Pihaknya menyebut sejauh ini ada 45 kelurahan yang terdata memiliki daycare. Pemkot Yogyakarta juga mendata untuk memastikan apakah tempat tersebut memiliki izin atau tidak. “Kami melibatkan lurah dan MPP yang ada di wilayah serta Dinas Pendidikan untuk melihat daycare yang ada di Kota Yogyakarta, mana yang sudah berizin dan mana yang belum,” katanya.
2. Dinas lakukan pendampingan

Berkaitan dengan nasib anak-anak dari Daycare Little Aresha, ia mengatakan Unit Pelaksana Teknis Perlindungan Perempuan dan Anak (UPT PPA) Kota Yogyakarta akan melakukan pendampingan psikologis dan hukum bagi orangtua dan korban.
“Saat ini sudah dilakukan pendataan melalui aduan yang masuk ke hotline service atau media sosial UPT PPA. Selanjutnya Senin, 27 April 2026 akan dilakukan assesment awal dan advokasi ke orang tua korban,” kata Retnaningtyas.

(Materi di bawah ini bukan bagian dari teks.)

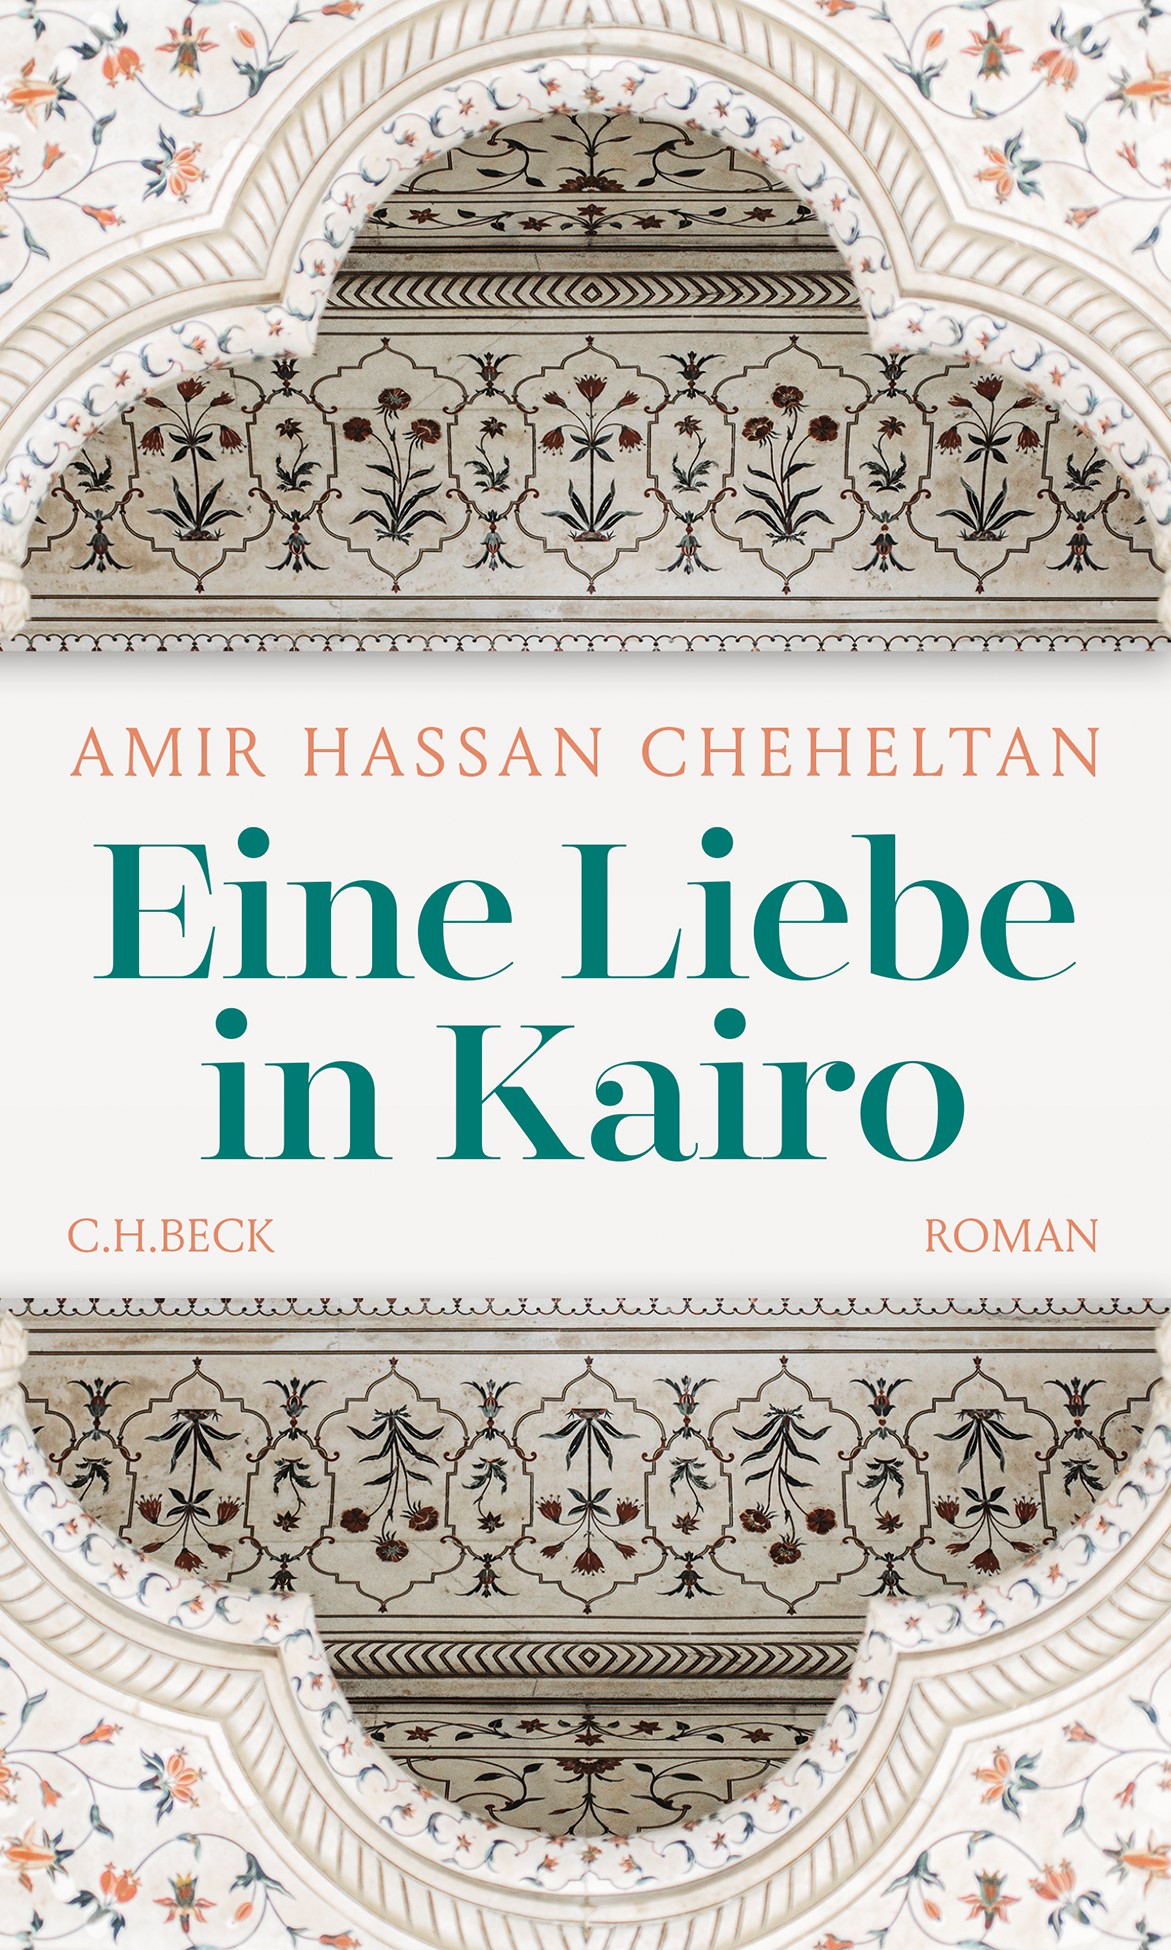 Cover von Amir Hassan Cheheltans "Eine Liebe in Cairo", aus dem Persischen übersetzt von Jutta Himmelreich und erschienen bei C. H. Beck (Quelle: C. H. Beck)

Ia mengatakan pihaknya akan berkoordinasi dengan orangtua, berkaitan dengan kelanjutan pendidikan anak-anak. “Nanti kami lakukan pendampingan, sehingga kita akan ketahui dari orangtua ini keinginannya seperti apa, sehingga harapannya nanti pemerintah bisa mencarikan jalan keluar,” ujarnya.
3. Puluhan anak jadi korban

Polresta Yogyakarta mendata dari 103 anak yang ada di Daycare Little Aresha, ada 53 anak yang mengalami tindak kekerasan. Jumlah tersebut dimungkinkan bisa bertambah, mengingat pihak kepolisian masih melakukan pendalaman.
Polresta Yogyakarta juga mengamankan 30 orang dari Daycare Little Aresha yang terdiri dari pengasuh dan pejabat yayasan yang menaungi. “Kemarin kita telah mengamankan sekitar 30 orang, secara maraton. Yang ada di Polres ini juga sekitar 30 orang itu, dari tadi malam sampai dengan detik ini juga masih dilakukan pemeriksaan,” ujar Kasatreskrim Polresta Yogyakarta, Kompol. Riski Adrian.